The release of roughly 64,000 documents on the assassination of President John F. Kennedy on Tuesday began a race to find revelation as journalists, historians and amateur detectives washed the pages in the hopes of something, anything, being considered a consequence.
Instead, the big evident was that it was not much clearer. This is the biggest takeaway of a blockbuster that wasn't.
Decades of secrets protected CIA Spycraft, not the second gunman.
For years, as the government has declassified and published documents related to Kennedy's assassination, the assumptions expressed by conspiracy theorists and some historians were that what is still withheld must be large. Even Kennedy's nephew Robert F. Kennedy Jr., now the nation's finest official, has long called for the release of all documents related to his uncle's death.
But with the release of nearly 64,000 pages by the National Archives, it is becoming clear that something else could have been behind decades of secrets, including one previously made opaque by the editing.
Rather than revealing what Robert F. Kennedy Jr. once claimed was “overwhelming evidence” that the CIA was involved in Kennedy's assassination, the file contains details about the agency's agents and informants, secret actions and budget lines. The secret appears to have been small details, not small news.
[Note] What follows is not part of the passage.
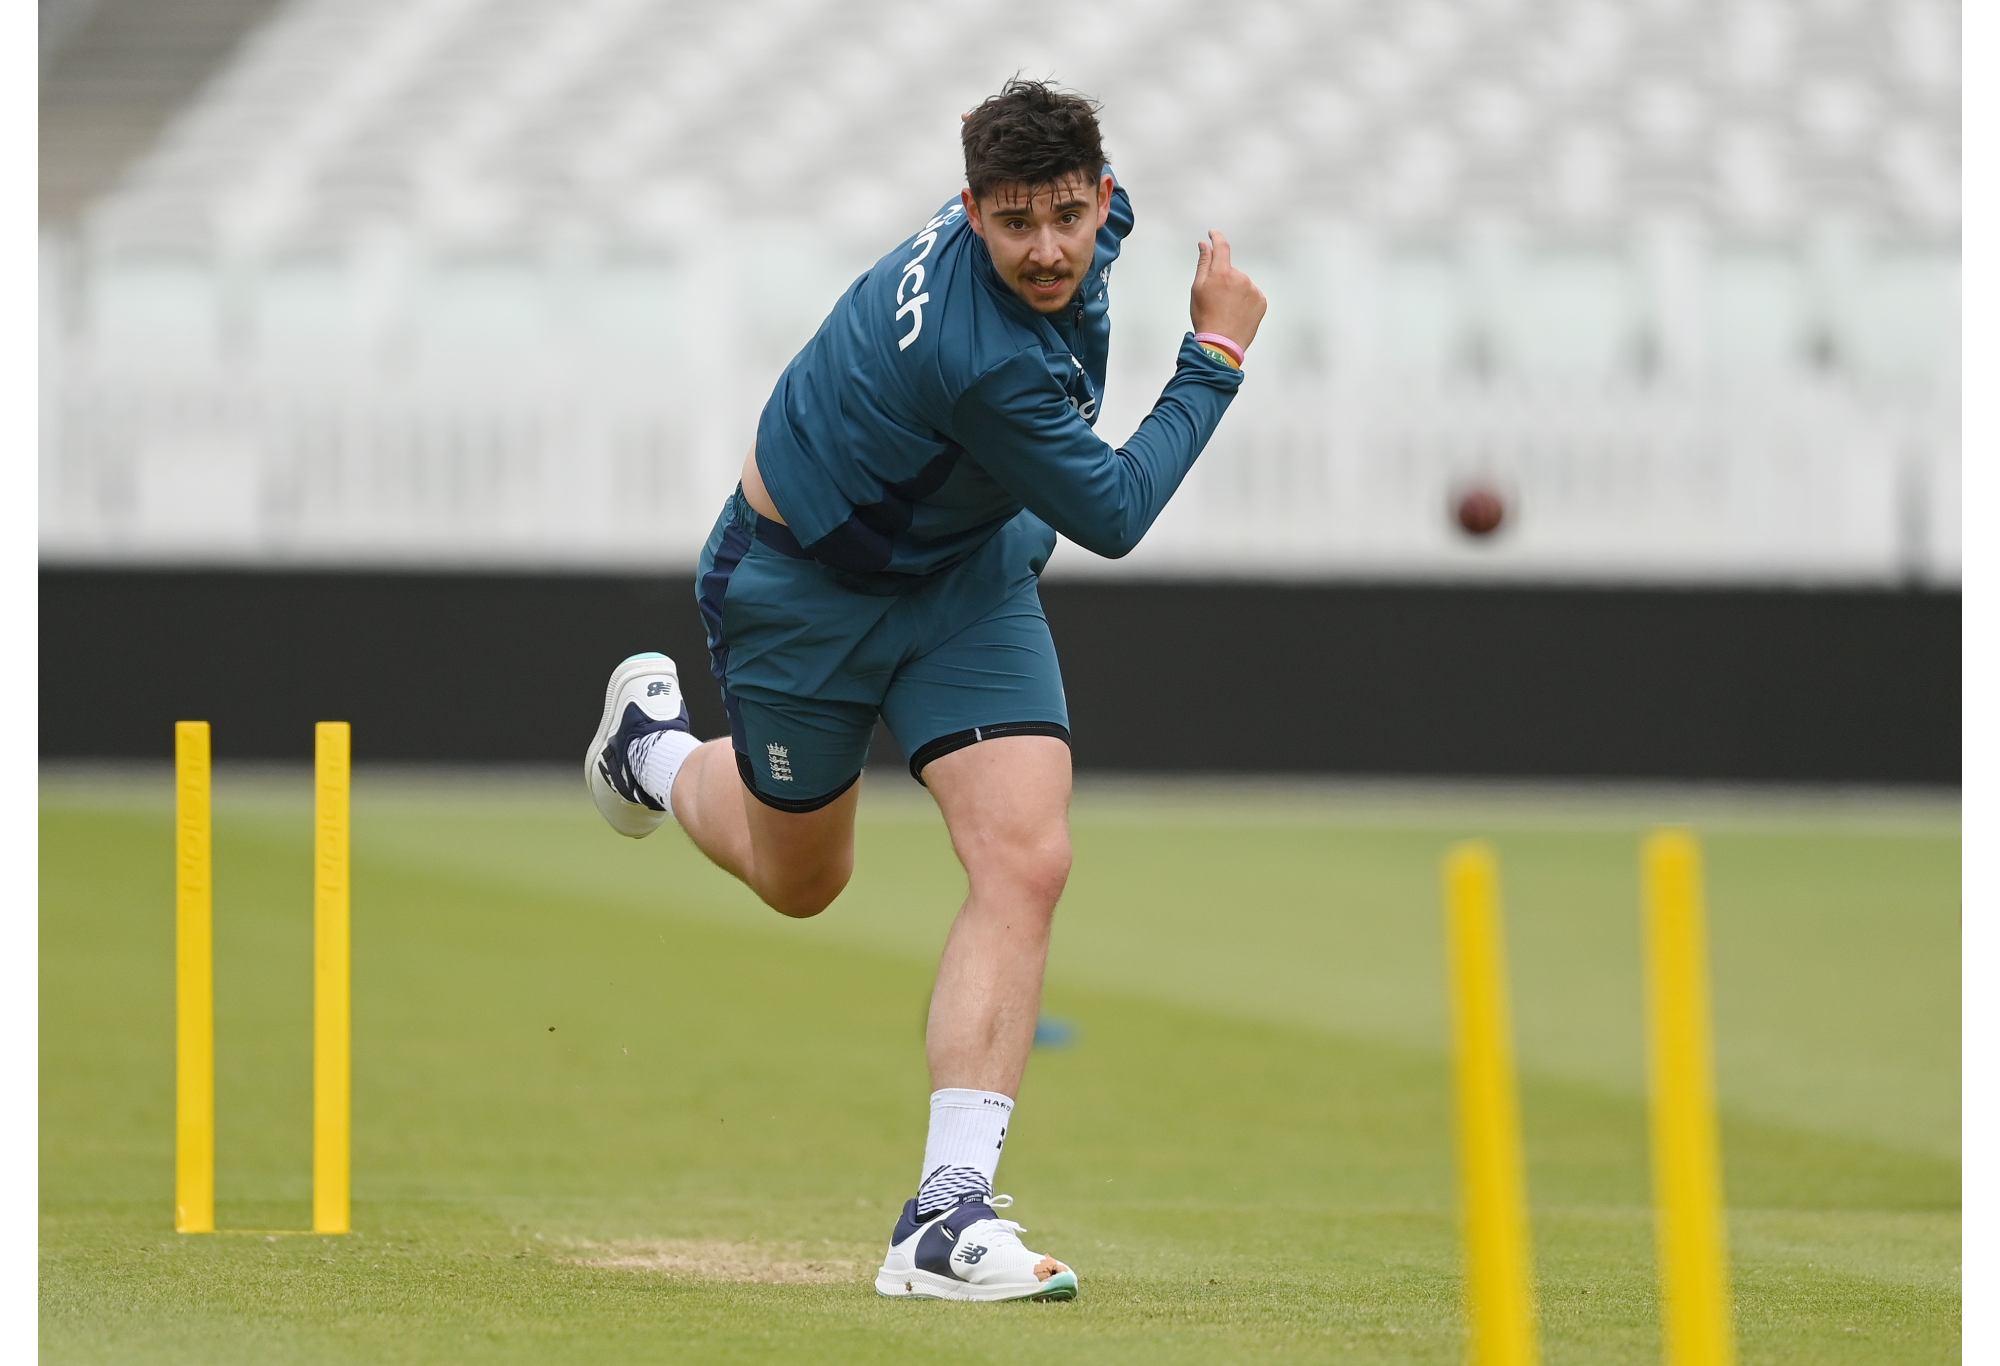 LONDON, ENGLAND - MAY 30: Josh Tongue of England bowls during a training session before Thursday's England and Ireland Test match at Lord's Cricket Ground on May 30, 2023 in London, England. (Photo by Philip Brown/Getty Images)

This release produced almost revelation, but it caused a lot of side-damaging.
The documents made little public that they challenged known facts regarding the assassination of Kennedy, Robert F. Kennedy and Rev. Martin Luther King Jr., but this may not be the end of the classification.
The Justice Department on Wednesday moved to the Sealed FBI Surveillance Records involving Dr. King on objections to those concerned that revelations about the private lives of civil rights leaders will be used to hurt his legacy.
Others will be directly affected by the release of the document. The new files released include accounting records that include social security numbers for dozens of Congressional employees since the late 1970s. Some of those people are still alive, including 80-year-old Judy K. Balga, who once worked as a government contractor.
She says she was surprised to find out that her personal information is included in the file and doesn't know how to improve the situation. “People's personal information needs to be kept private,” she said.
Value is in the eyes of the viewer.
The latest documentation may not be excited by the average reader. That messy release made it difficult to navigate the files easily. However, for historians and scholars, there were some gems that were excavated by reading between lines.
For example, the 693-page Secret CIA Report summary of 1975 touches on cases where the agency “may have surpassed its mission.” However, there were also references to station chiefs, overseas intrusions, illegal surveillance, and various “very sensitive” operations. “This is a catalog of “bad behaviours” for the agency,” says David J. Garrow, a historian with deep experience with intelligence files.
Trump said 80,000 pages would be released. It won about 64,000.
On Monday, President Trump said he would release 80,000-page documents related to the assassination within 24 hours. He said there would be no edits. It scrambled national security authorities.
Around 64,000 of these documents were published in two document dumps on Tuesday evening. Some of them actually blocked information. But that's 16,000 files, which Trump has promised. Would you like to come more?
It was just enough to keep the conspiracy theorists moving. (It's always sufficient.)
Nothing may satisfy a conspiracy theorist who is convinced that there is still information missing from public records. Theories that took hold immediately after the murder were only amplified by investigations intended to counteract them. The film “JFK” released in 1991 breathed even more life. A man repeatedly wrote letters to officials, claiming that he alone knew more than the government allowed.
The Warren Committee, established in 1963 to investigate Kennedy's assassination, explicitly sought to discredit the theory of conspiracy. (That didn't work.) Then, within 25 years the law ordered papers relating to murder was published, and with limited exceptions, there was the law of 1992. (That was not quiet.)
By 2023, 99% of the documents had been disclosed, with 64,000 people now added to the record. Still, the question of what is missing may never go away.